He was making beats on YouTube for years. Then one day J. Cole was 'inspired' and wrote a song to one.
Andrew Archer, a producer from New York, has released "type beat" tracks on YouTube for years.
Archer, known as Bvtman, has a slew of instrumentals inspired by J. Cole.
Archer told Insider about when the rapper hopped on his beat and gave him the green light to post on YouTube.
If you scroll down far enough on Andrew Archer's YouTube channel you'll find beats dating back to 2011. It's more than just music for the budding producer known as Bvtman — it's a form of therapy and a way to release.
The Brooklyn native told Insider he made his first beat at age 7 and took his passion to the next level when he was in high school at New York City's Urban Assembly for Music and Art.
"When I was living on Church Ave with my dad, he had his little basement where he kept his music stuff, and he always had people come through and record in the studio, said Archer, 30. "So I would be there chilling at home, messing on the machines, and I just got into it eventually."
He continued, "And I took it really seriously in high school, outside of rapping. I'm like, 'Yo, I need my own beats.' So I just started making beats. And now we're here."
Archer, who said he is influenced by the late revered producer J Dilla, started to post his instrumentals on YouTube regularly. However, a friend recommended that he start to add "type beat" — a track that fits the particular sound of an artist — to his titles to push his content through the algorithm.
So about five years ago, he started releasing type beats inspired by a slew of well-known hip-hop artists including Nipsey Hussle, Drake, Isaiah Rashad, and J. Cole, among others.
"I just started doing it every day. I'd see 10 views, and went to 100 views and 10,000 views, and then it just kept going up. I'm like, 'I figured this out," Archer said."I chose those artists because I hoped to work with them one day.

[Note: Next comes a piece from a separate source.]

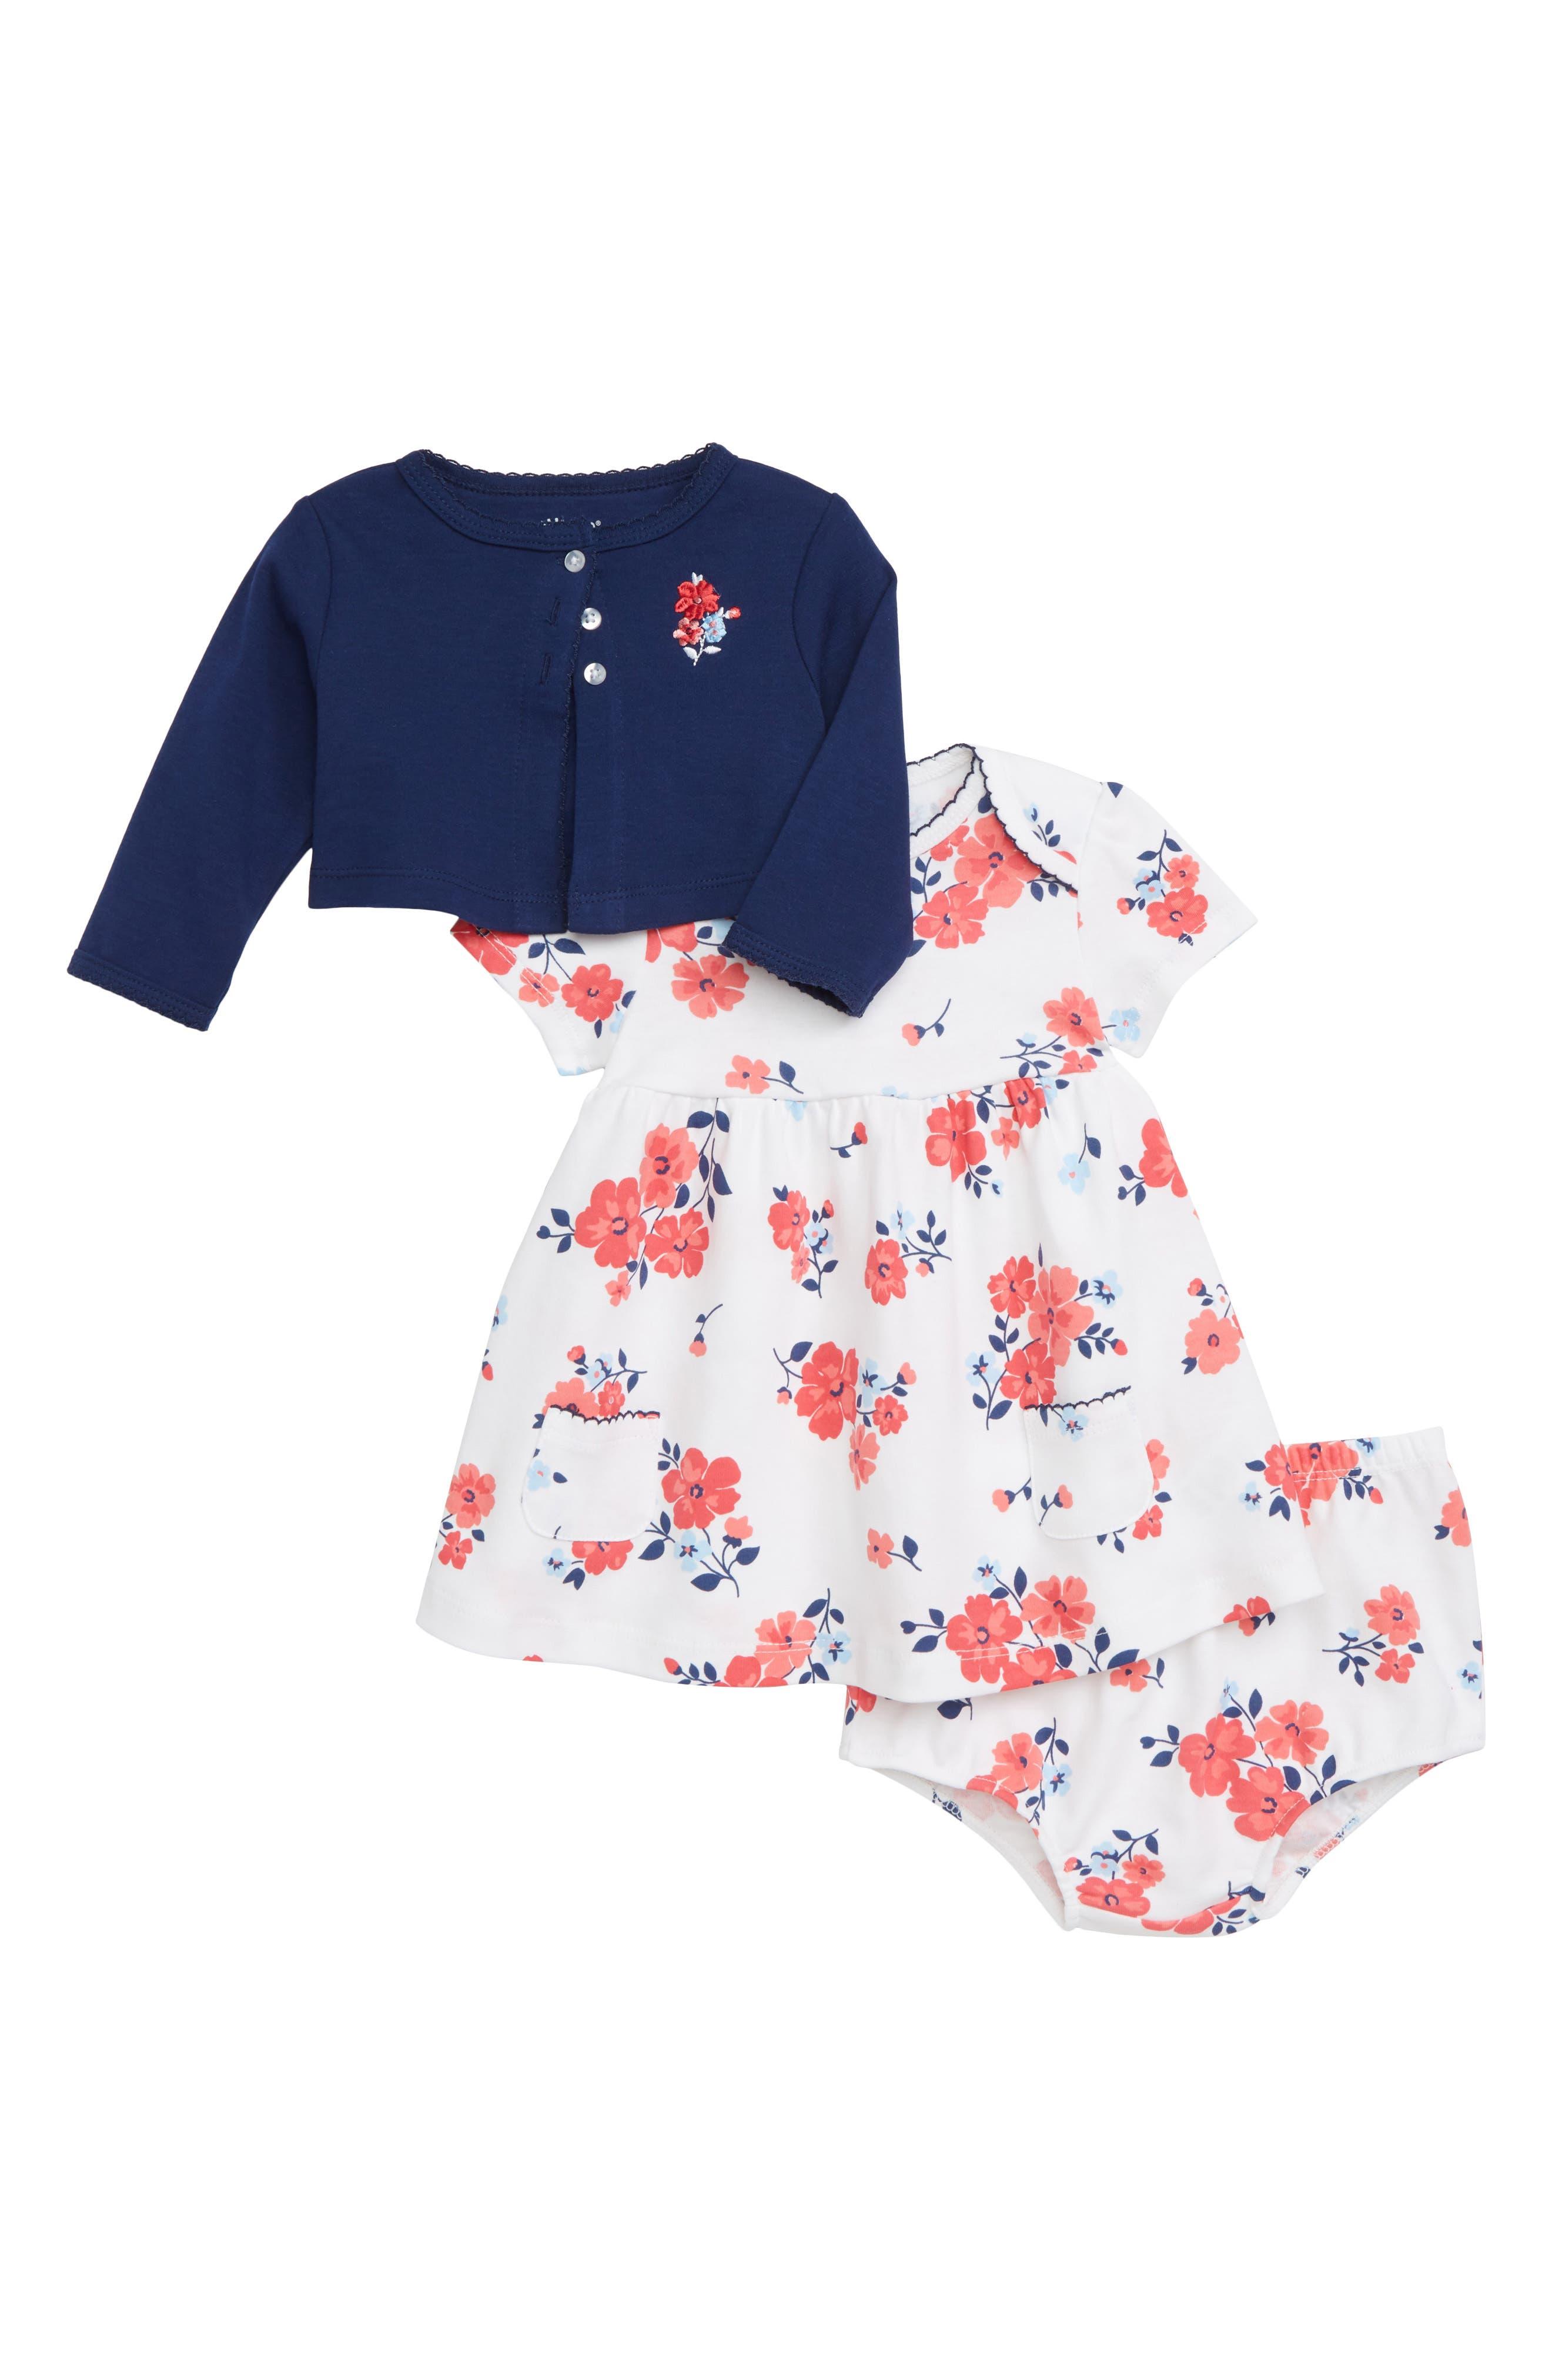 LITTLE ME Floral Dress Set, Main, color, FLORAL

And now the J. Cole situation happened, so it's a blessing."
'A stamp of approval'
Archer said Ibrahim "IB" Hamad, J. Cole's manager and a fellow co-founder of Dreamville Records, reached out to him on Instagram last week. One moment he was driving on the highway and the next he was on the phone with Hamad who told him that Cole blessed his "The Reunion" instrumental — which Archer originally released last June.
"He's like, "Yo, you inspired J. Cole one day. He was going through type beats, and your beat was the beat he found and he's got a verse to it," Archer explained. "He wants you to put it out because you inspired him when he was going through a block, and changes of inspiration."

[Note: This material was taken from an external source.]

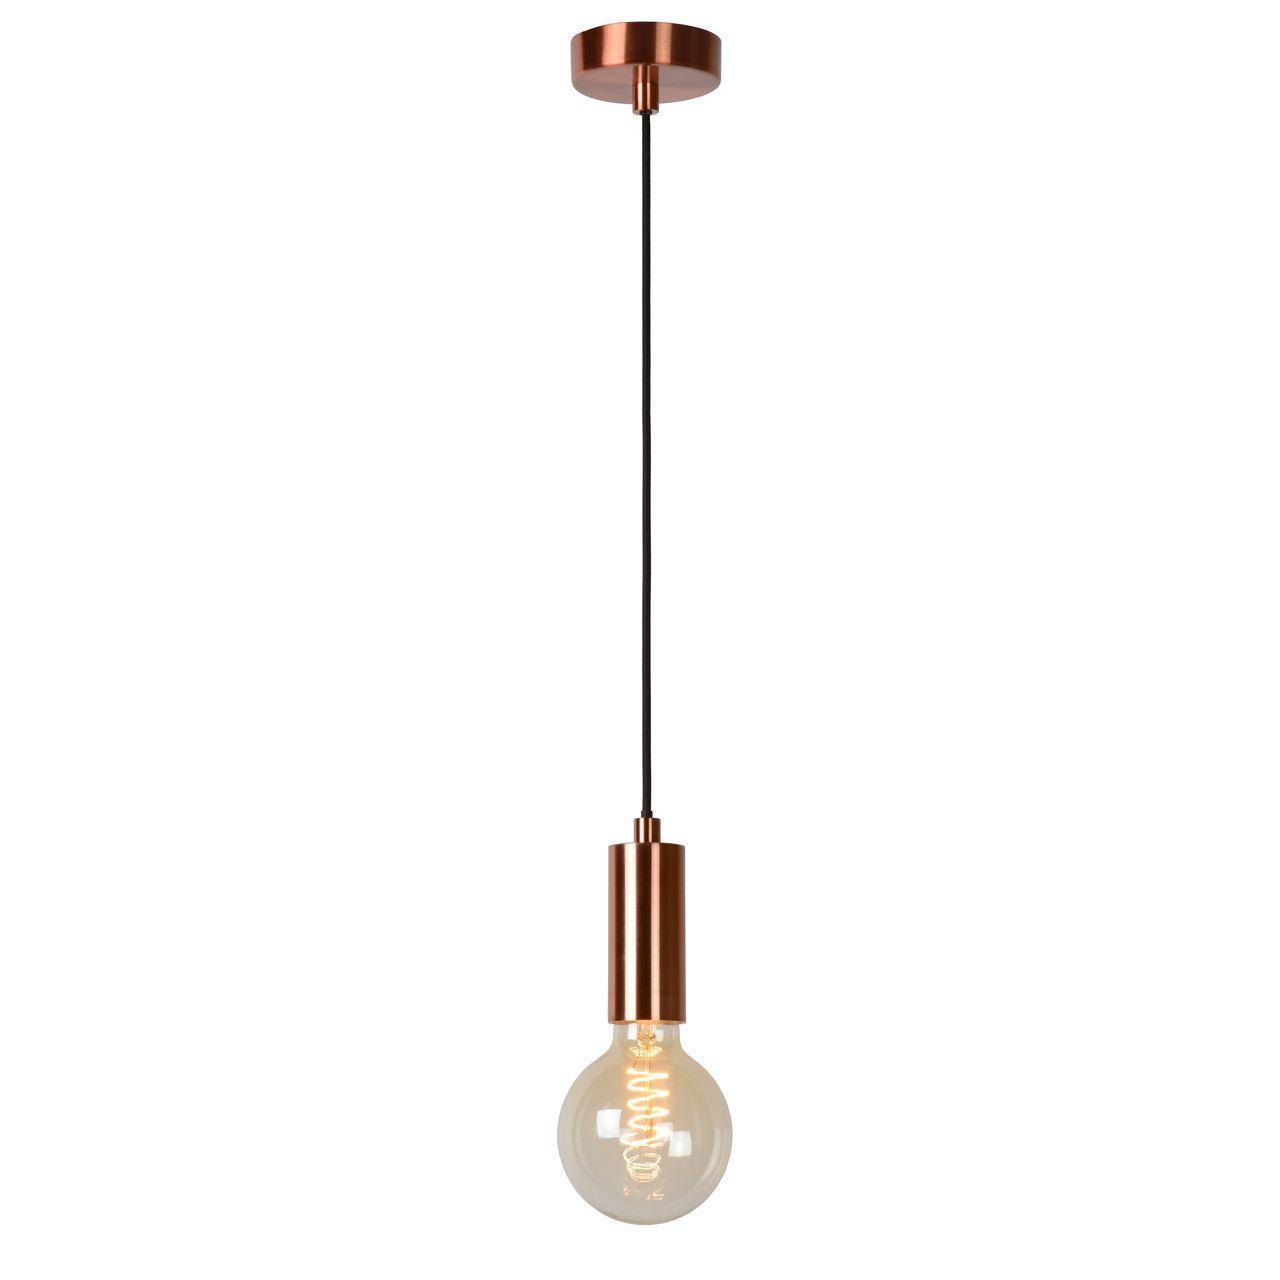 Подвесной светильник Lucide Droopy30490/01/17 соединитель gf 5429

"I'm like, "Nah, you lying," he said he thought to himself.
But when he pressed play, he heard the North Carolina MC's voice.

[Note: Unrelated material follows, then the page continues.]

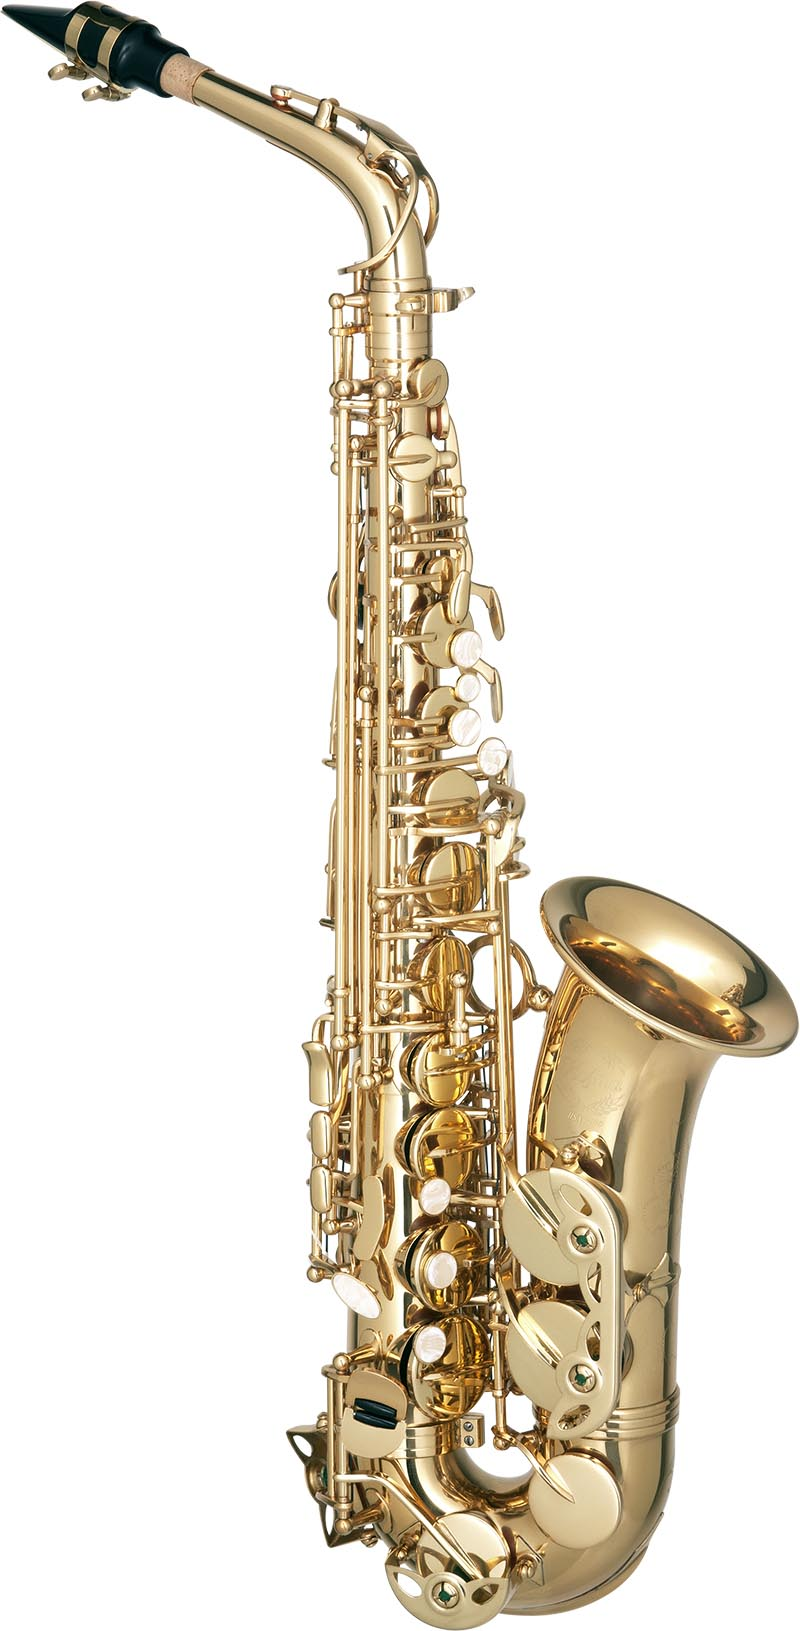 hsa400 saxofone alto hofma hsa400 glq laqueado dourado

"As soon as I heard Cole in the beginning, I was like, 'This is real," he continued. " It was a moment of clarity for me, and a moment of joy, uncontrollable joy. That was a stamp of approval."
Archer uploaded the song, dubbed "procrastination(broke)," on his YouTube channel — with the green light from "The Off-Season" rapper himself — which has garnered nearly 2.5 million views as of January 2023.
The cover art of the track, created by Archer, is a screenshot of a text message from the rapper relayed through Hamad, showing gratitude for motivating him to get in the booth. (Dreamville Records did not respond to Insider's request for comment.)
"This song should live on your channel and serve as a thank you to you and every producer out there cooking up and sharing their work with the world," the message said. "It's a million artists out there right now just like me, hungry and searching every day for something to spark a word, a melody, a hook, a verse, a punchline, a way to vent or a way to CUT THROUGH."
Cole, a seasoned and well-respected producer in his own right, goes on to say he came across the instrumental after randomly searching "J. Cole type beat" on YouTube: "Yours was the first I saw. I pressed play, focused, and wrote this."
The rapper later added: "This is some shit that would normally stay in the vault, but I don't want to hold onto the music like that no more. This is for you and whoever else need to hear it. God bless bro and keep doing what you do."
The 3-minute song that surprised the internet delves into the artist's internal tug-of-war of trying to find inspiration while completing his highly anticipated next album and rapping about substantive topics while maintaining widespread success.
"Every line in there always sticks out to me because it was a letter to somebody that needs to hear something like that," Archer said, adding, "What he did was a genuine and a human thing to do. He's a producer himself, so he understands the process, understands the emotions, the creating process, and the feeling you get when you make a good beat."
"If I ever get to meet him, the first thing I'm going to say is, 'Thank you.'"
'You got to manifest what you want'
Archer credits his work ethic and consistency for being able to produce for hip-hop artists such as J Stone, and most recently French Montana. He also has a few projects of his own released on streaming platforms.
"I went through so much, and I was still just trying to make my music during all the chaos and during all the hardships I've been through throughout the years," he said.
As destiny would have it, in 2021, he released a "beat tape" titled "Dreamers" — a compilation of instrumentals. His message for the project was: "Shine through the darkness, reach for the stars and never give up."
"You got to have faith, you got to work hard, you got to be consistent. You got to manifest what you want. You got to put it out in the world."